Con pennello e vernice alla guerra contro i writers

Non chiamateli «writers», per favore. Perché la lingua inglese di per sé, già li nobilita troppo. Tantomeno «fenomeno sociale dei giovani». Perché, al massimo, si tratta di un gruppo di una decina di «imbrattatori», questo il loro vero nome, che non hanno la cultura per capire cosa sia l’estetica di un palazzo né l’architettura degli edifici. Parola di Mario Lozar, giovane architetto milanese che ha deciso di ingaggiare una battaglia personale contro le scritte dei graffittari. In che modo? Impugnando pennello e vernice e andando a cancellarle dalla facciata da casa sua all’Isola. «Quando ho saputo che il Comune dava la possibilità ai condomini di abbonarsi all’Amsa per farsi cancellare i graffiti, l’ho subito detto all’amministratore - racconta -. Ma è così difficile convincere gli altri. La gente dice che è inutile e che tanto domani sarà la stessa cosa».
E invece, lui ha sperimentato l’esatto contrario. «Quelli che vengono a imbrattare la mia facciata ormai mi conoscono, sanno che pulisco il giorno dopo e non sprecano più la vernice. Il concetto del tutto pulito lo rispettano un po’ di più». E poi, se tutti facessero come me, aggiunge Lozar, si darebbe un segnale forte: la gente non vuole più subire questa piccola e quasi quotidiana violenza. «Sì, perché la considero una violenza fascista il fatto che mi scrivano sulla facciata. Sarà anche per deformazione professionale, ma l’architettura della mia casa è nata in un modo e non riesco a vederla altrimenti. Io non sono né fascista né comunista, ma sono convinto che chi imbratta non ha cultura estetica. Come un sordo che ascolta Beethoven».

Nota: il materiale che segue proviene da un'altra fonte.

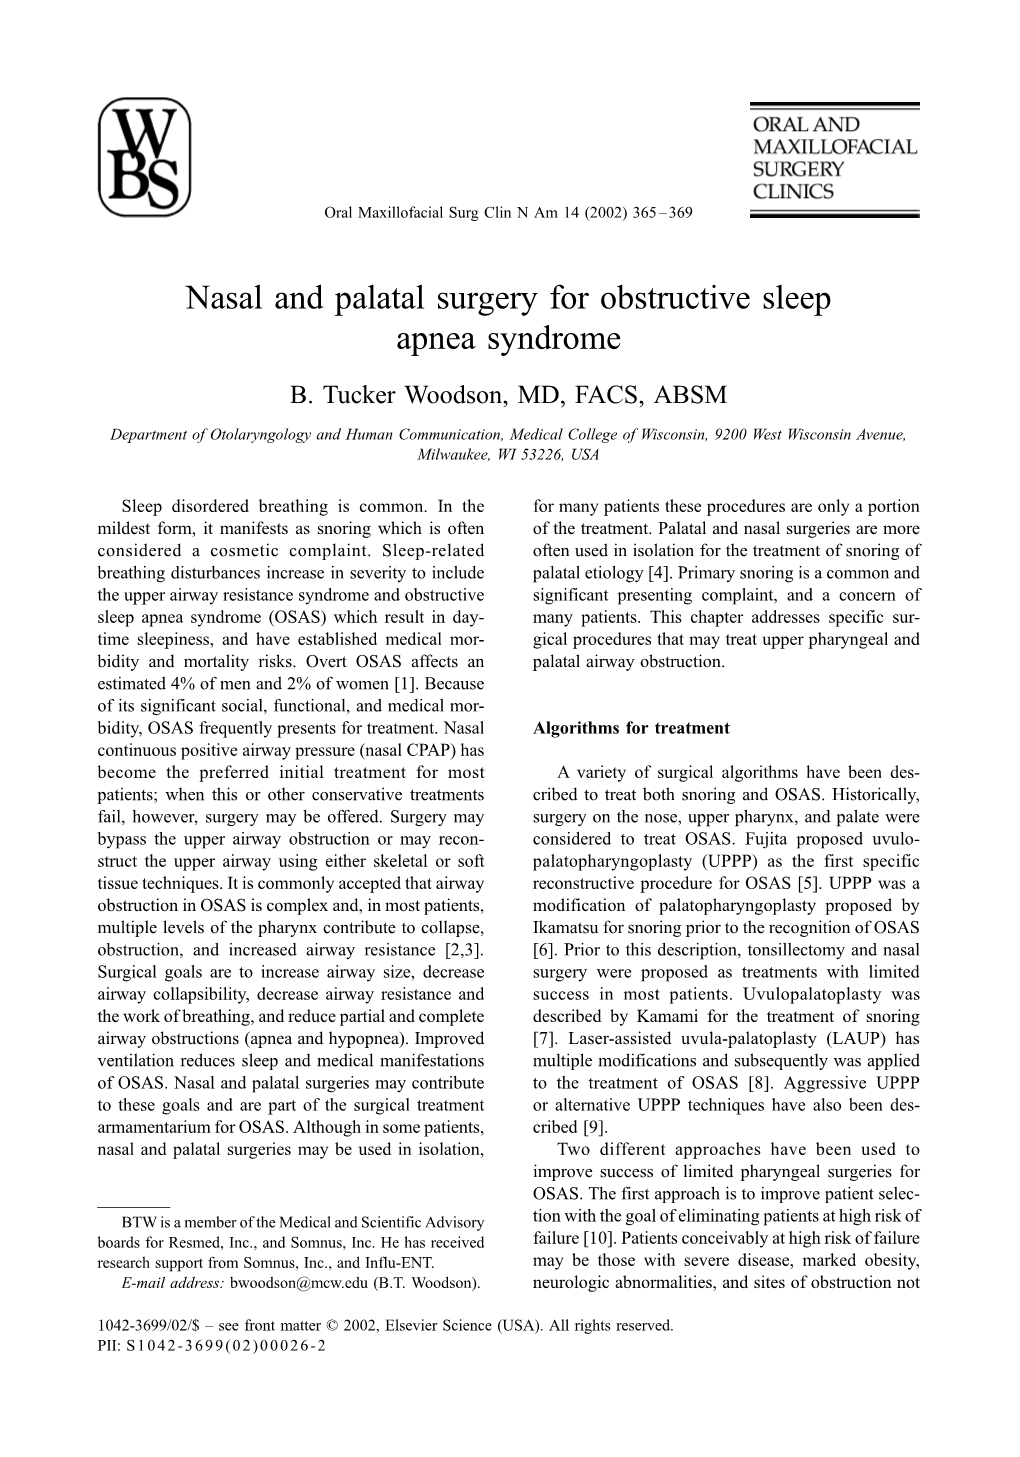 Nasal and Palatal Surgery for Obstructive Sleep Apnea Syndrome

Insomma, secondo Lozar, i graffittari agiscono come chi deve marcare il territorio e lasciare un segno del proprio passaggio. «Ma è così sterile - continua l’archietto -. Qui il primo che ha scritto, è uno che veniva da Bergamo. Ma è assolutamente provato dalla mia casistica che se trovano la facciata sporca, sporcano di più. Altrimenti ci pensano su». Lo stesso discorso vale anche per le città: più le trascuri, meno le senti tue e meno sei spinto a fare qualcosa per migliorarle.

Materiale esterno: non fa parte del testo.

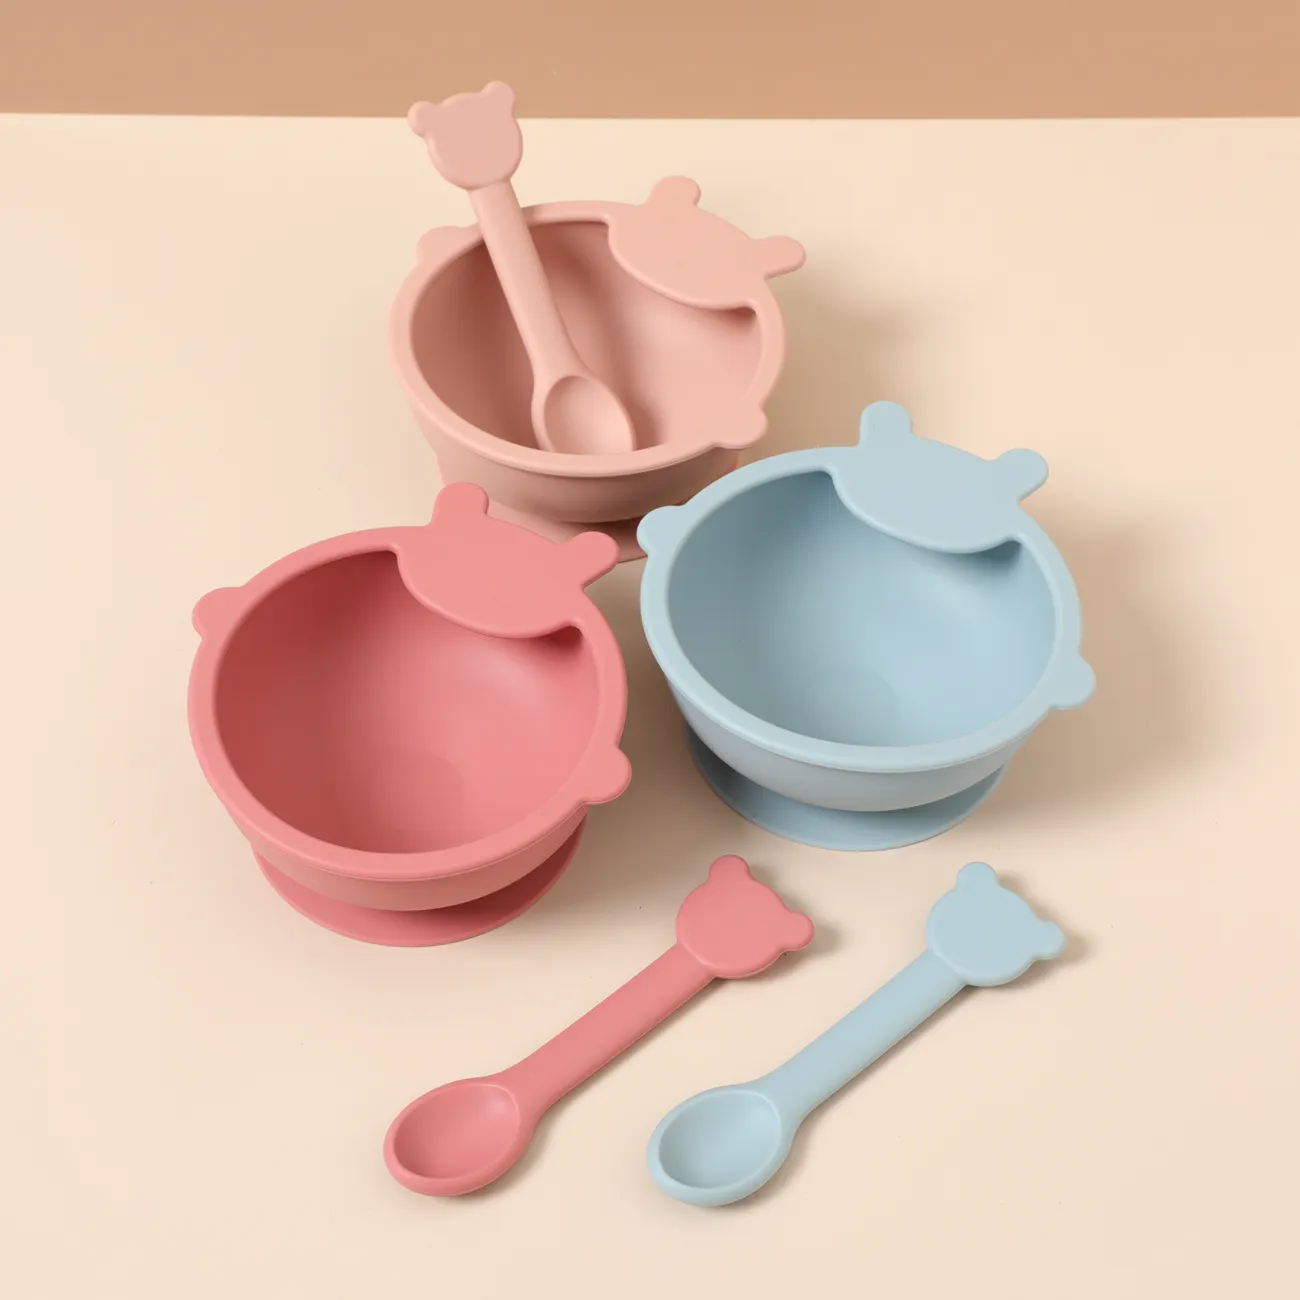 2-pack Cartoon Shape Food Grade Silicone Baby Toddler Self-Feeding Bowl Spoon Utensils Set for Self-Training Light Pink big image 1

A dire la verità, Lozar per strada vorrebbe scendere con il rullo e non solo con il pennello e, a essere precisi, una distinzione per quanto sottile la fa tra graffito e graffito. «Le scritte politiche e d’amore, per quando non mi piacciano lo stesso, hanno però più senso di una semplice firma», precisa. Sono passati poco più di venti minuti, da quando l’architetto è sceso con la sua latta di vernice e delle «brutture» sulla sua facciata non c’è quasi più alcun segno. «Un timido segno di seguito l’ho avuto - continua Lozar -: il ristorante accanto a me non ne poteva più di trovarsi la parete sporca e mi ha chiesto dove avessi comprato la vernice. Anche i vecchietti mi chiedono se vado a pulire i loro palazzi.

Certo se ci mettessimo in 25 a fare questo lavoro, chissà forse non sarebbe più così “figo” fare l’imbrattatore. Ma lo diventeremmo noi». Ancora qualche metro e poi finisce l’area di sua competenza. Basta vedere le scritte che stanno dall’altra parte del muro per capire dov’è il confine. «Ecco, io arrivo fin qui».